Впереди, на фоне темного склона, подымалось что-то еще более темное. Оттуда крепко несло запахом ржавого железа. На левом запястье у меня ощутимо шевельнулся компас. Я глянул на него и увидел при луне, что стрелка просто сошла с ума: вертится, как пропеллер.
Скоро мы оказались на краю поляны, окруженной кучами железного хлама. Среди высокой мокрой травы торчали металлические бочки. К ним брели через траву темные фигуры. Я пригляделся и увидел, что это тетки — вроде моих знакомых ведьм.
Настя шепнула:
— Дальше не ходи, обожди нас тут, Тополёк.
Я остался, а Настя, Глафира и Степанида пошли к бочкам. Пяткин хихикнул и тоже пошел. В траве и ржавых лужицах кричали лягушки.
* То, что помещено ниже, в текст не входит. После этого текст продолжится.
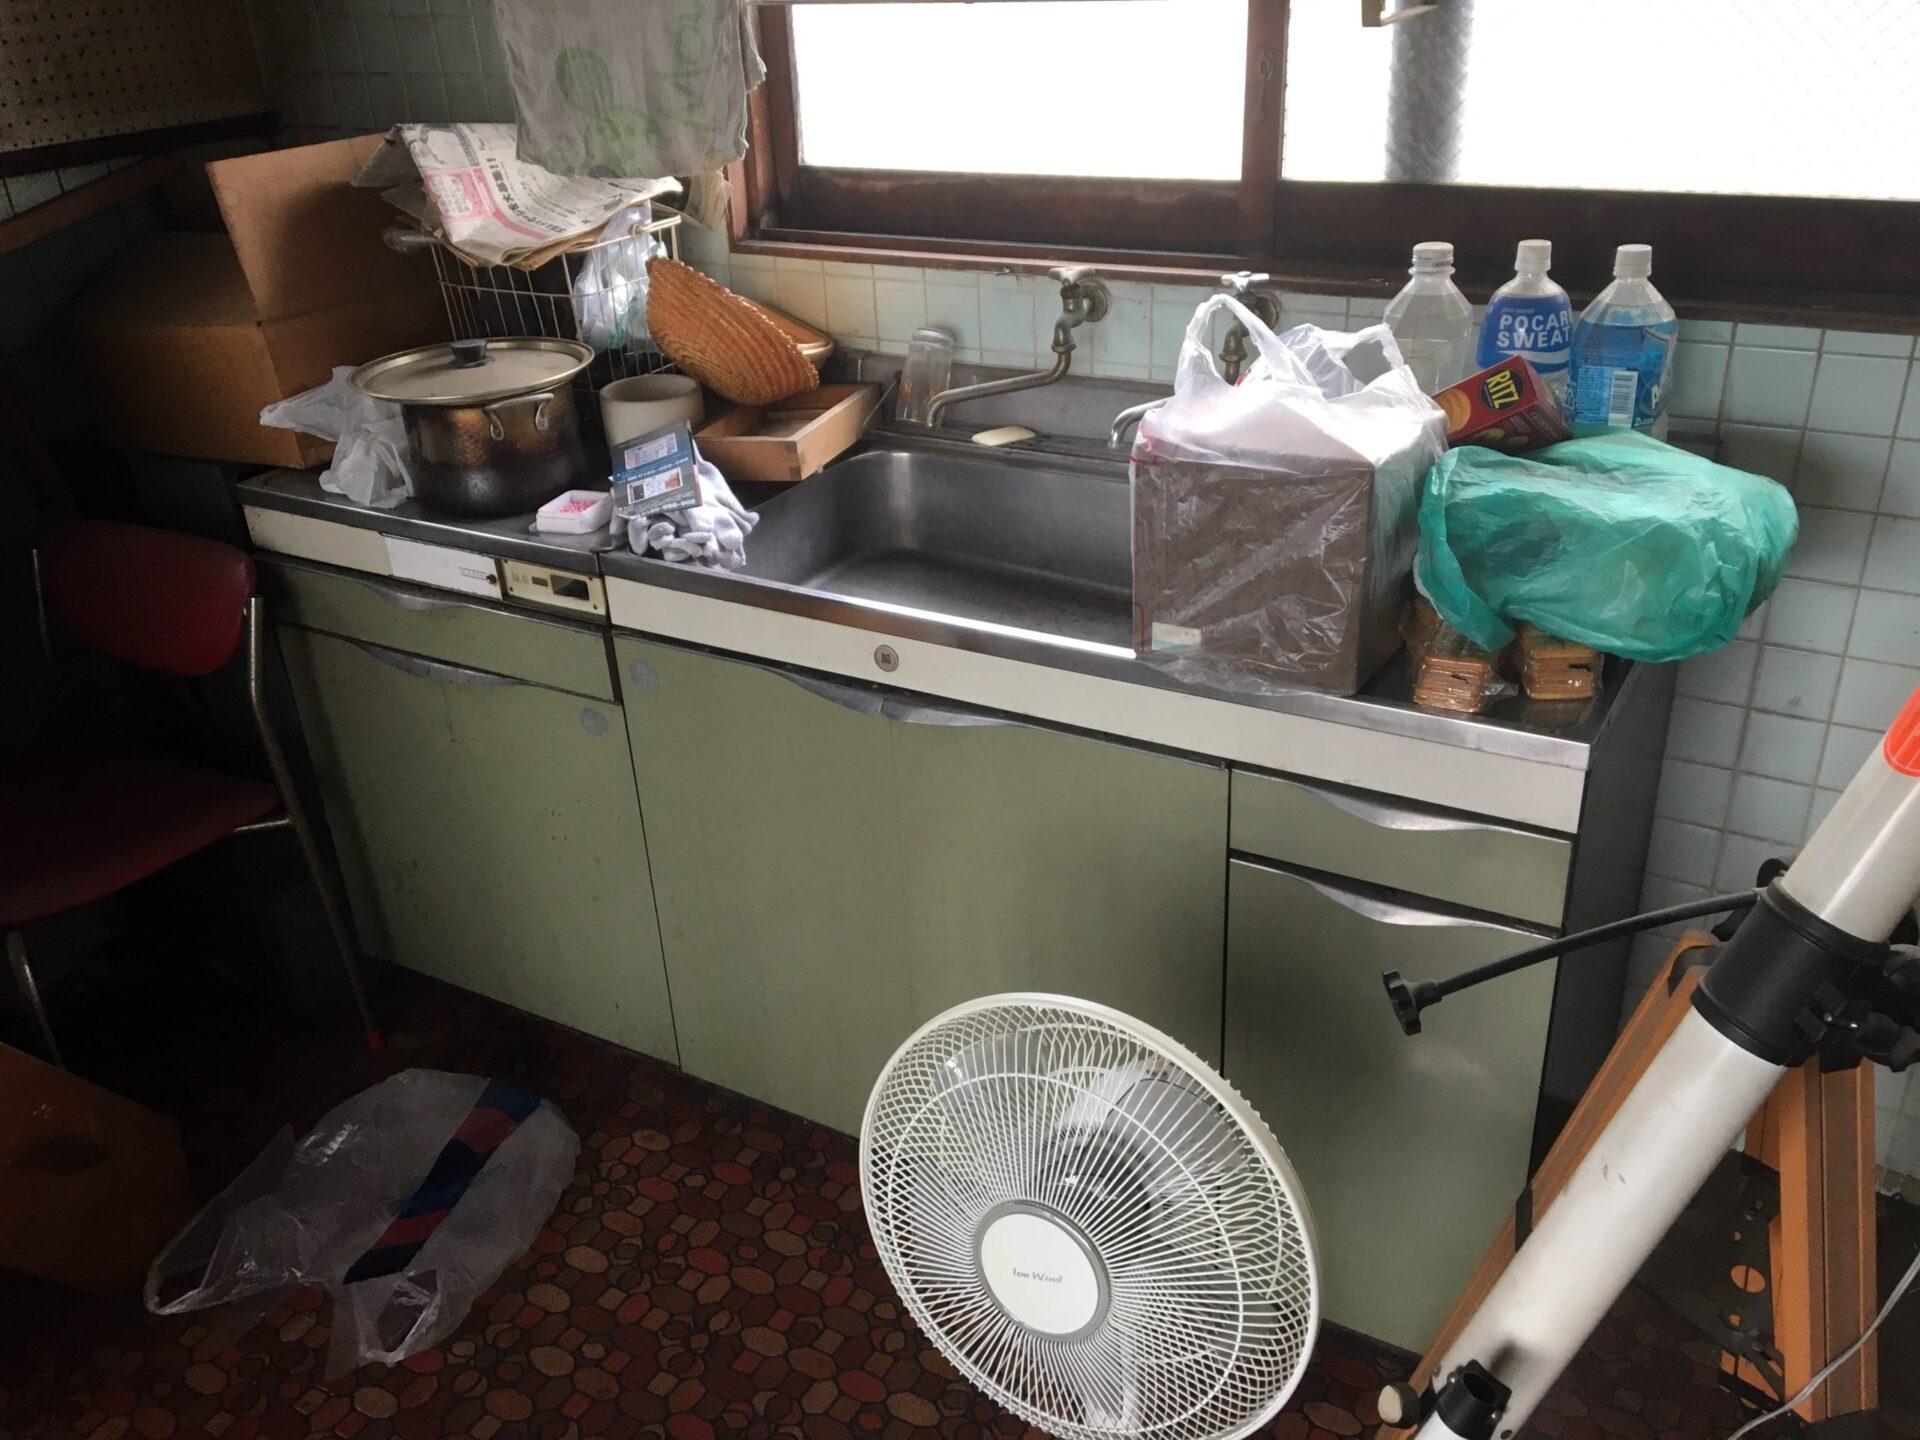 【愛知県名古屋市瑞穂区】キッチン回りの不要品回収

Я вдруг понял, что они очень дружно кричат. Будто поют мелодию вальса. В самом деле! Это звучало так: «Бум-ква-ква, бум-ква-ква…» Мне даже смешно сделалось: лягушки-музыканты. Но я не успел засмеяться, послышались другие звуки. Кто-то барабанил, кажется, на тазах, гулких железных корытах и какой-то жестяной мелочи (может, Пяткин?). «Там-та-та, там-та-та» — это был основной ритм. Он звучал на фоне медленного (как от пустых бочек) гуденья.
Ведьмы легко повскакивали на бочки. Будто не грузные тетки, а девчонки! Замерли на них, потом вскинули руки, дернулись, крутнулись и заплясали, выгибаясь. Частые удары их каблуков звонко пересыпали звучание железной музыки и лягушачий хор.
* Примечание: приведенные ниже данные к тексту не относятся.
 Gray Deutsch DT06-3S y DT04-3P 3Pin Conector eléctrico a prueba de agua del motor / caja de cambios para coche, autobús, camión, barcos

Ведьмы закидывались назад, взмахивали широкими рукавами, юбки стремительно мотались вокруг мелькающих ног, платки упали, и волосы метались по воздуху.
Я смотрел, замерев. Что это было? Обычай какой-то? Или такое колдовство? Или ведьмы набирались от луны и железной музыки волшебной силы? Или просто радовались по-своему?..
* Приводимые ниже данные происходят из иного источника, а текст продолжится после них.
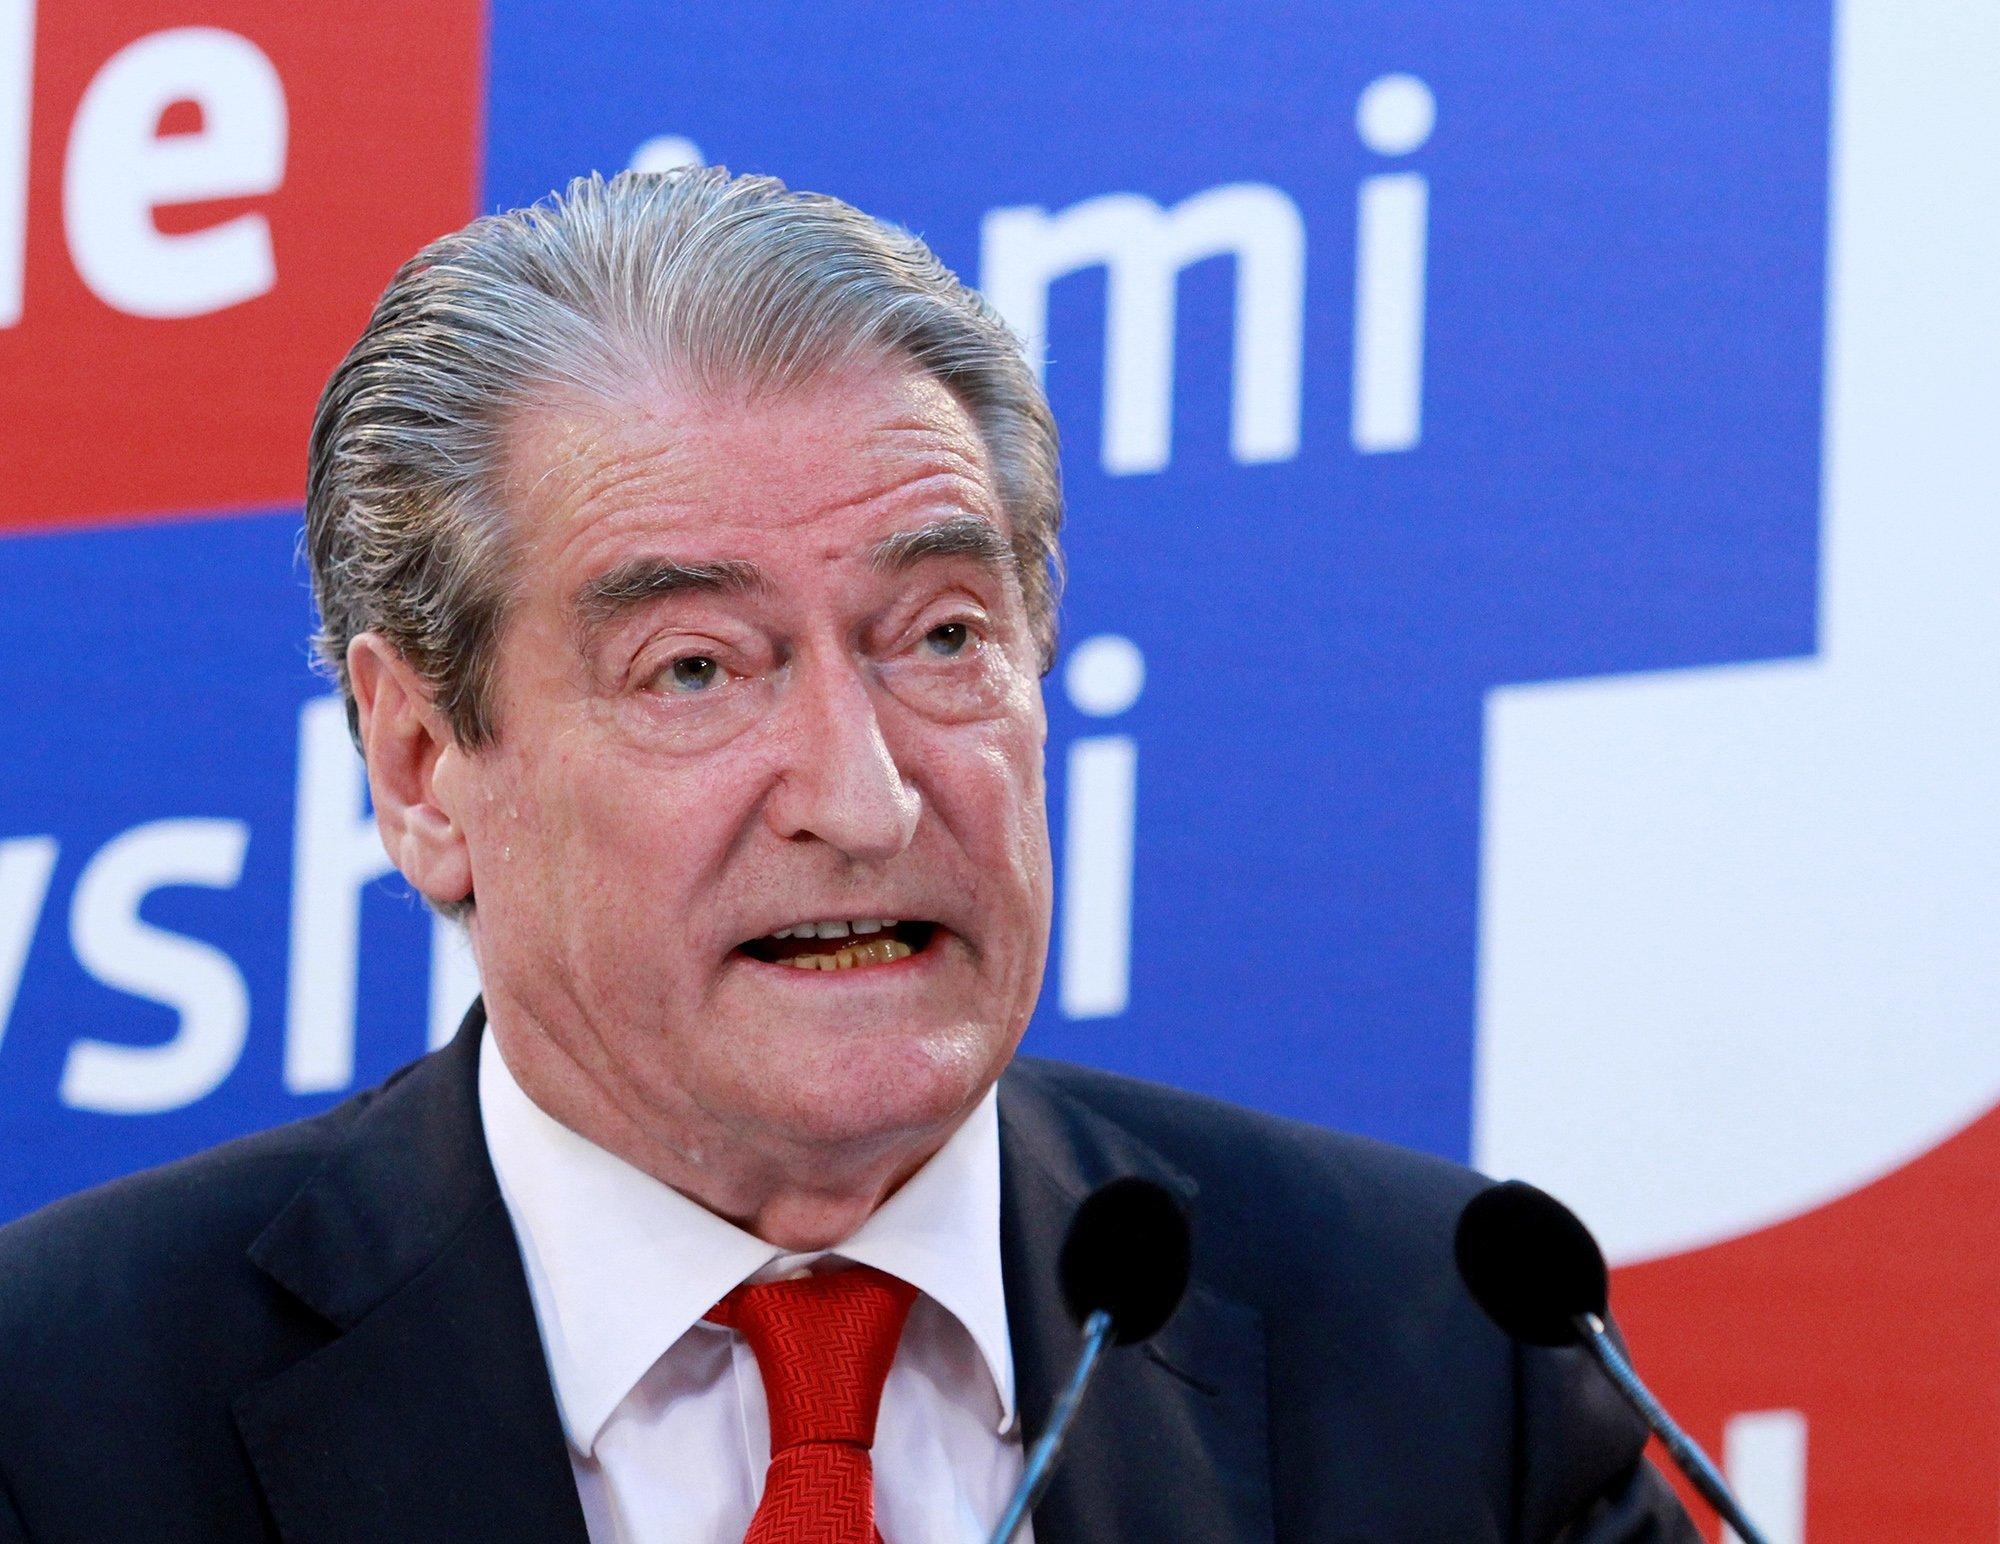 Μπερίσα σε Ράμα: Φύγε πριν να είναι αργά. Ο αλβανικός λαός δεν αντέχει άλλον δικτάτορα

Сперва мне было интересно и жутковато. Пляска завораживала, а сказочная луна и черные груды железа будто разрастались в воздухе и грозили с гулом рухнуть. Или еще что-то страшное могло случиться…
Но ничего не случалось.
Страх постепенно прошел, а ритм танца совсем захватил меня. Я заметил вдруг, что притопываю сандалиями и дергаю плечами. Заметил — и стало как-то неловко. Я тряхнул головой, оглянулся. Нет, луна и железные кучи были прежними. Ведьмы на бочках все извивались и топали, но теперь я смотрел на это спокойно. Стало даже скучновато. Что-то слишком уж долго они плясали под монотонный железный гул и однообразную дробь. Я подумал, не смыться ли потихоньку домой, но побоялся: вдруг ведьмы обидятся…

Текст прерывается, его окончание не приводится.